● The task: Copy the data that follows exactly as it is, excluding all pictures.

(Dataset extract)

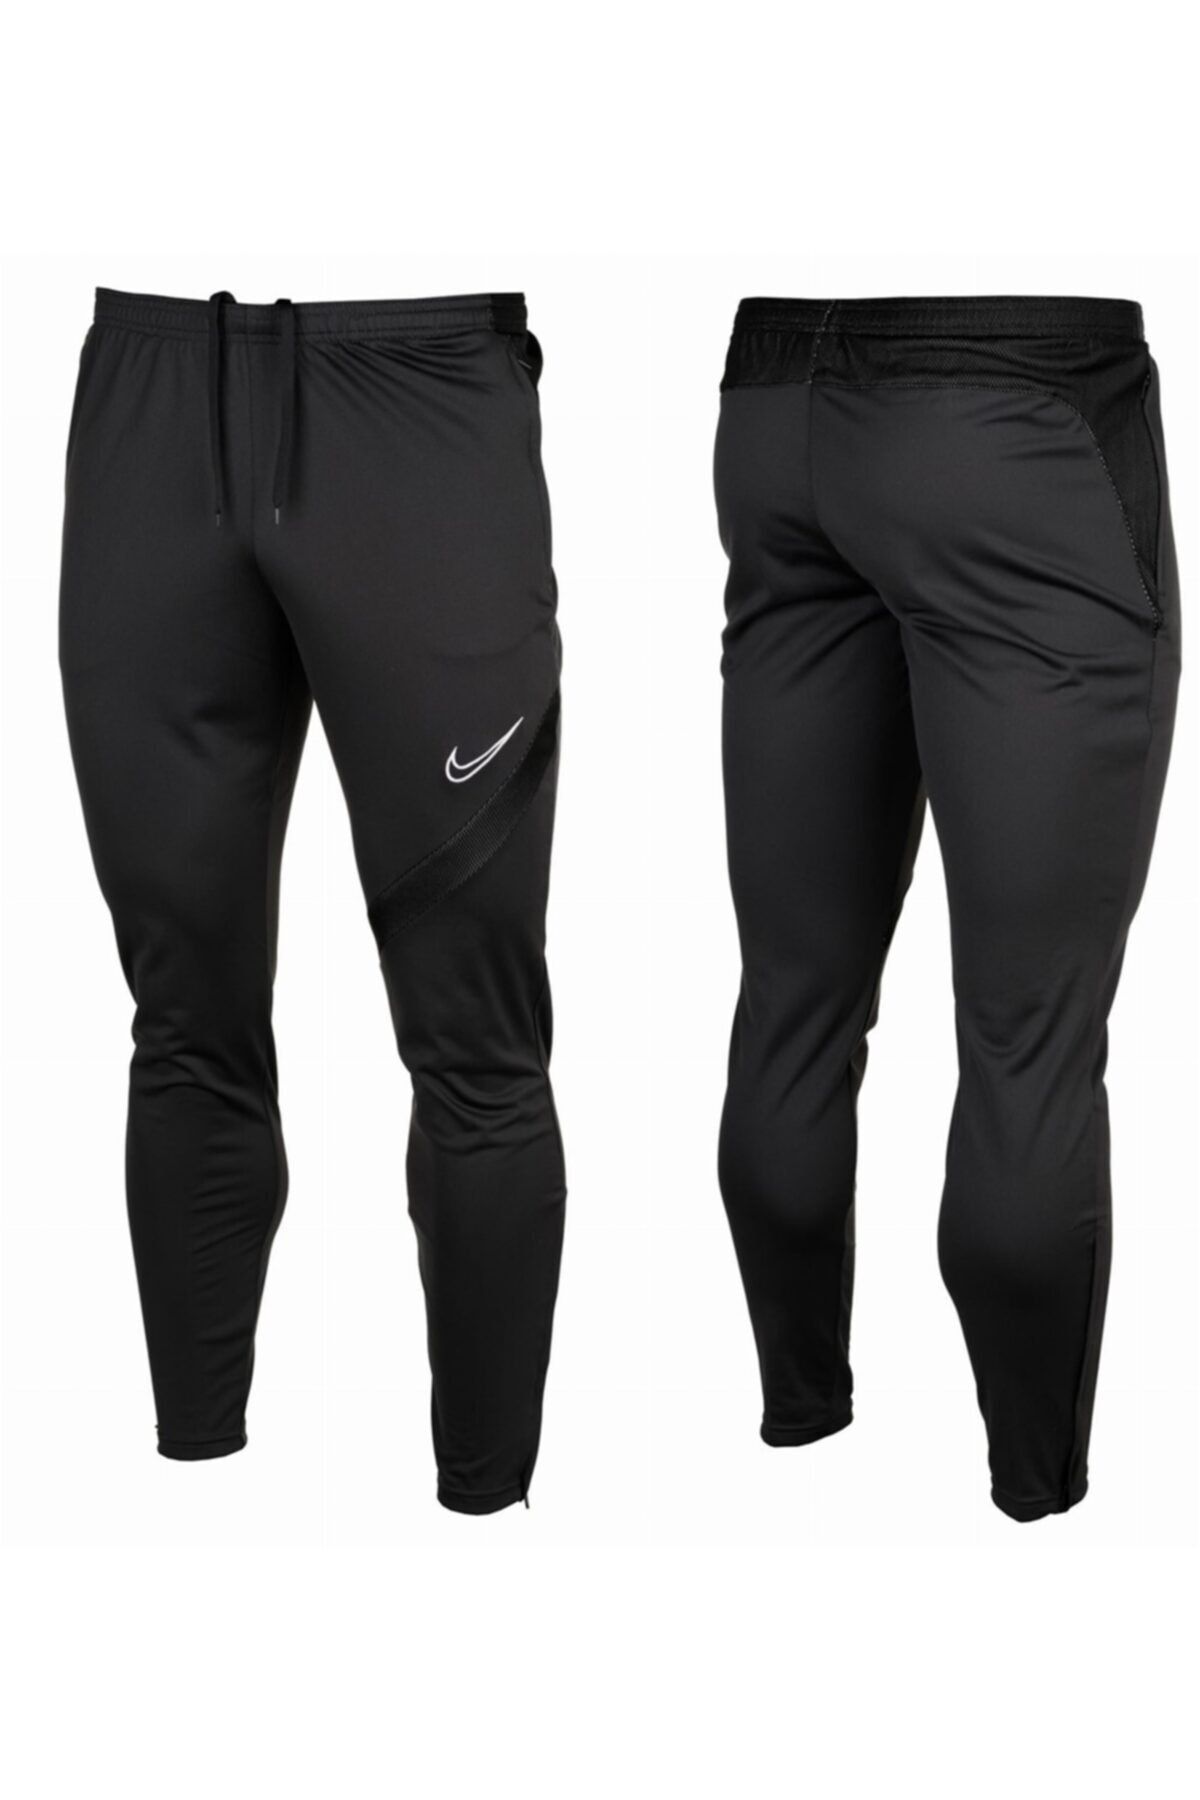 Nike M Nk Dry Acdpr Pant - Erkek Siyah Standart Fit Eşofman Alt - Bv6920-061
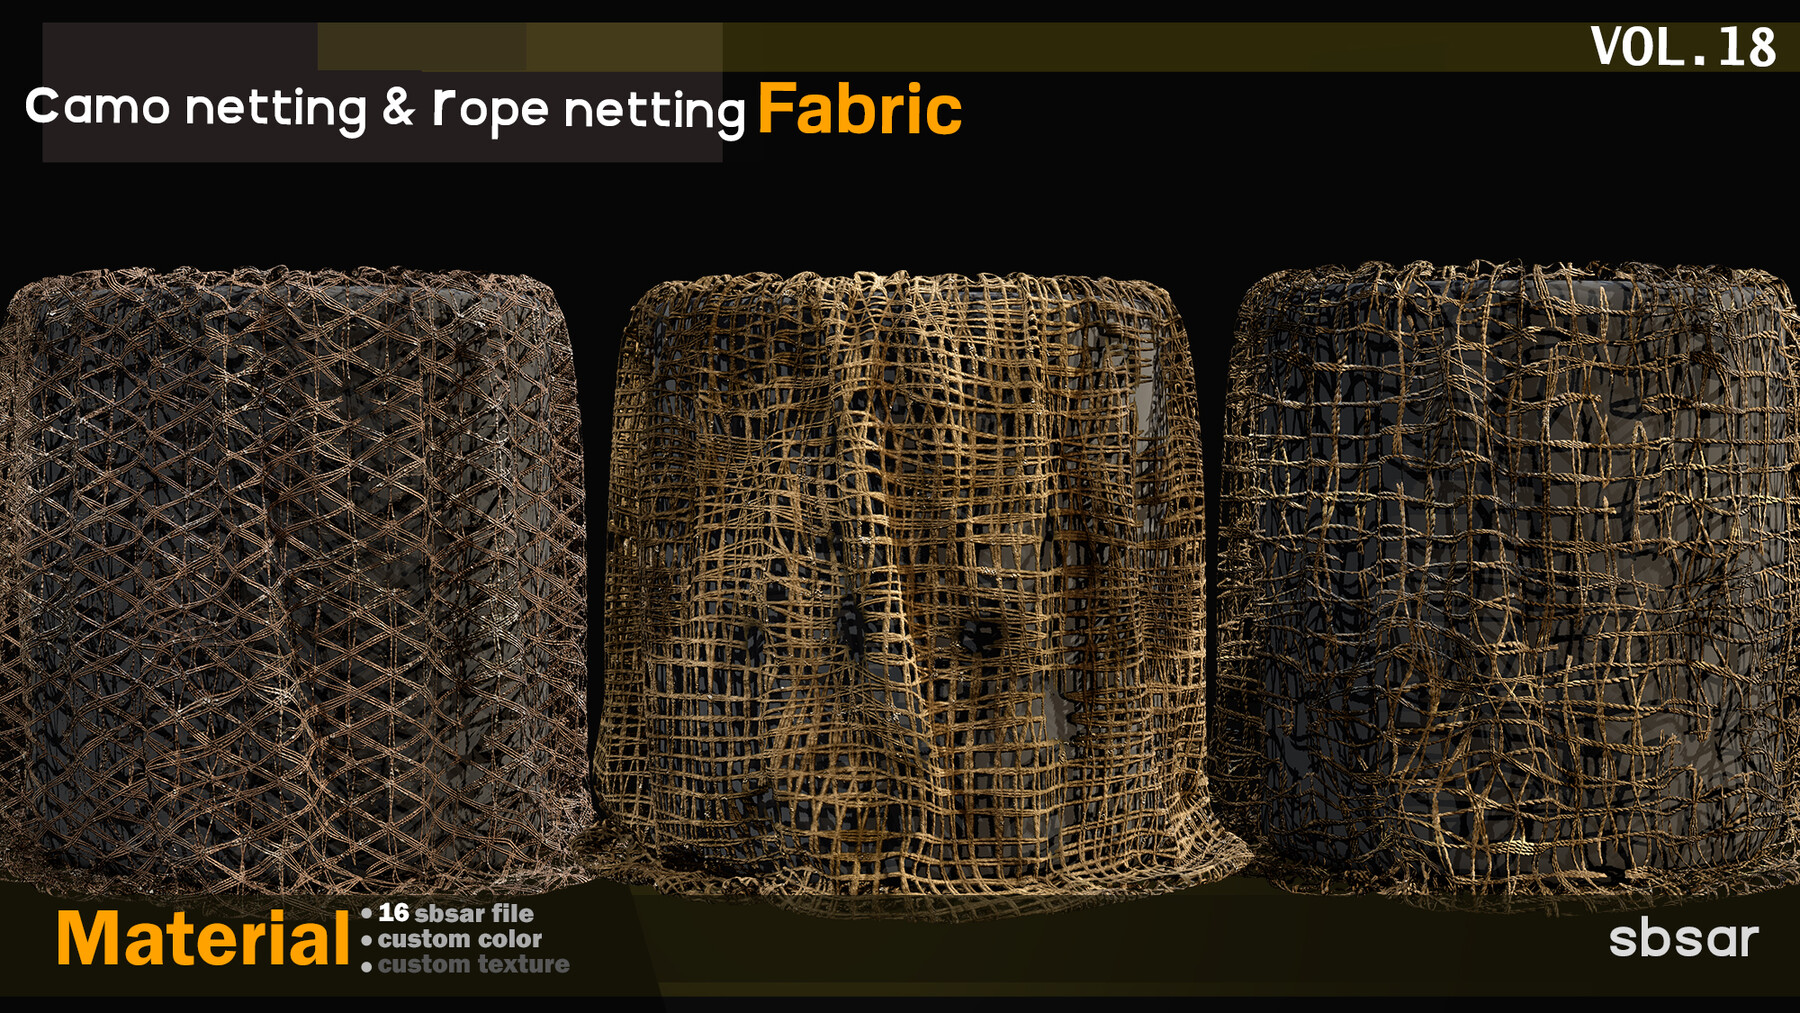 ArtStation - camo netting & rope netting fabric Material -SBSAR
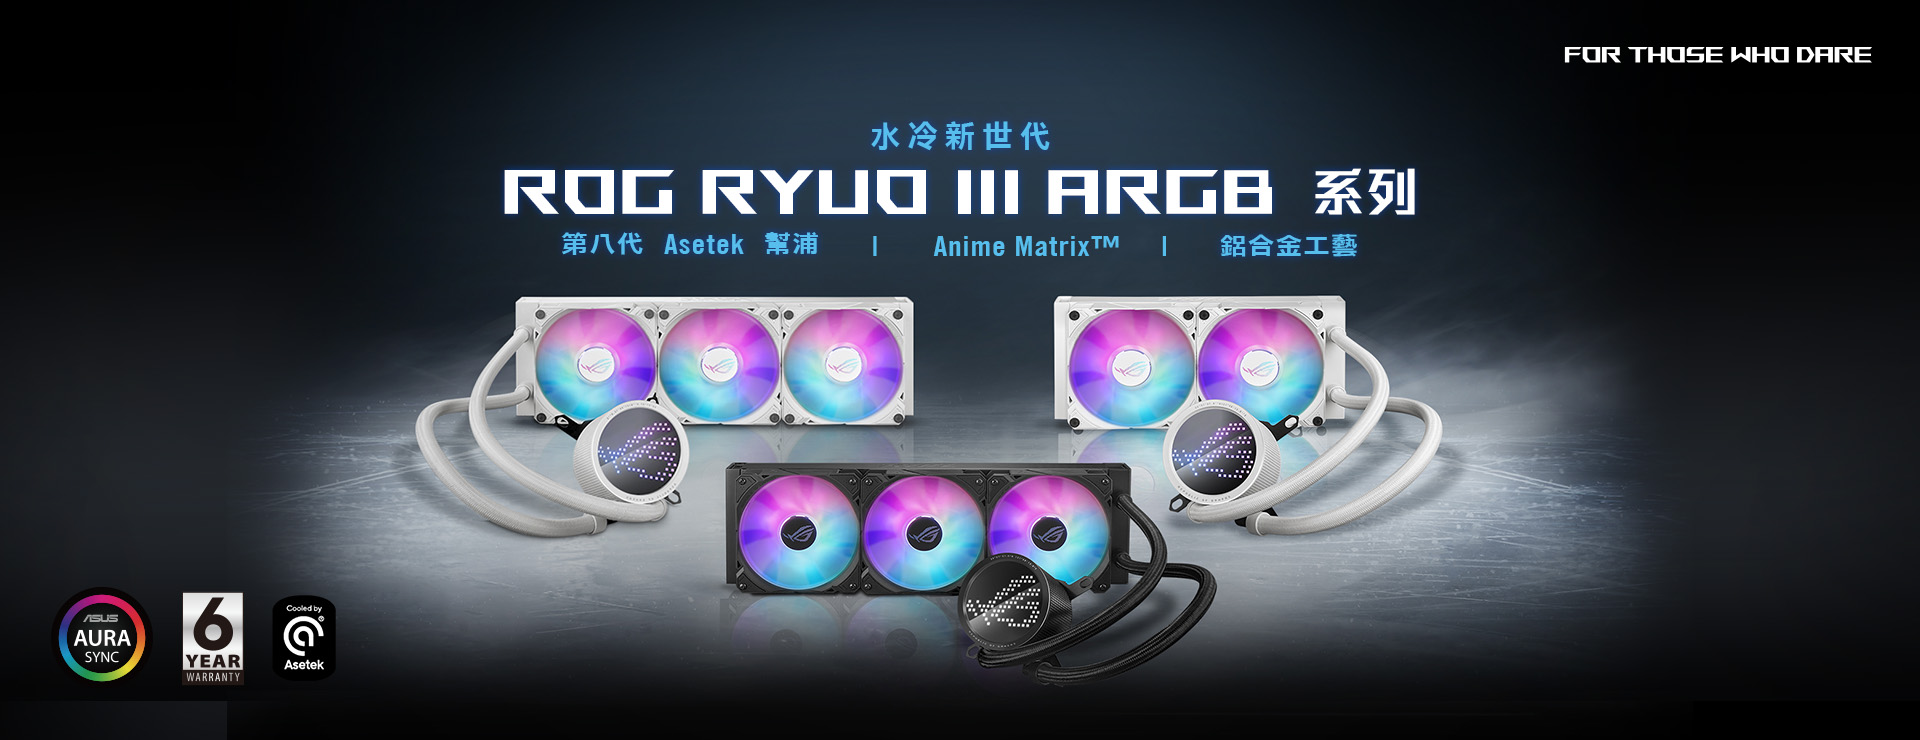 ROG Ryuo III 360 ARGB 橫幅
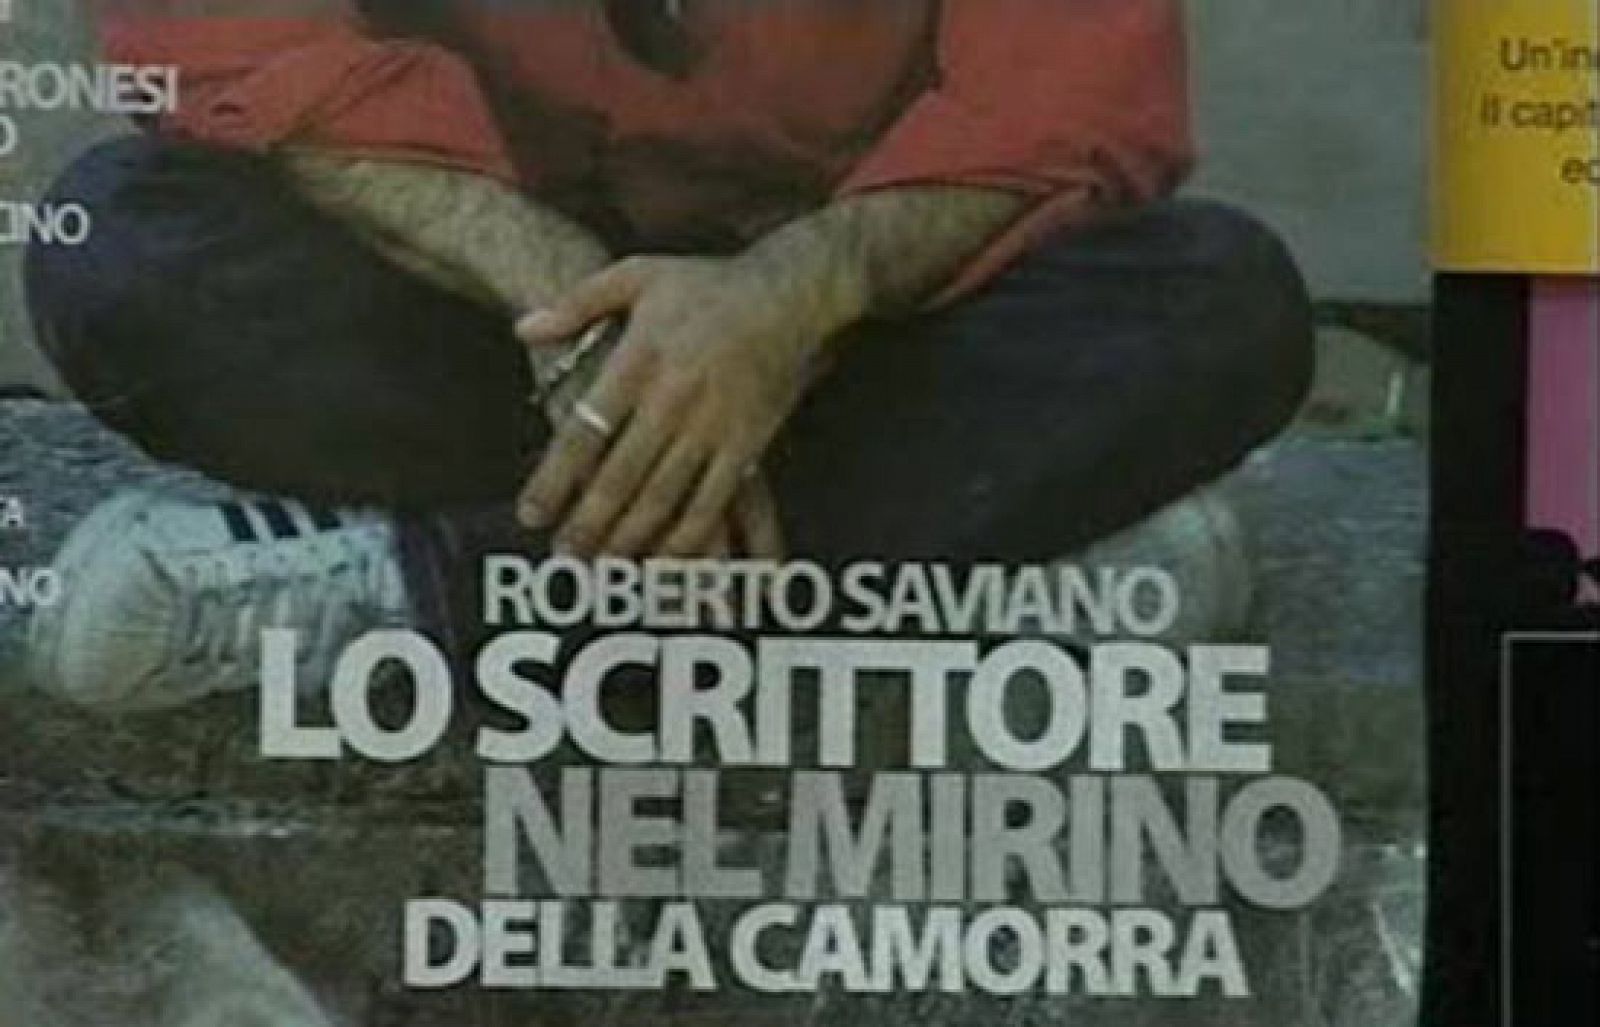 La Camorra sentencia a muerte a Roberto Saviano

(End Dataset extract)

● Solution for this exercise:
 Nike M Nk Dry Acdpr Pant - Erkek Siyah Standart Fit Eşofman Alt - Bv6920-061
 ArtStation - camo netting & rope netting fabric Material -SBSAR
 ROG Ryuo III 360 ARGB 橫幅
 La Camorra sentencia a muerte a Roberto Saviano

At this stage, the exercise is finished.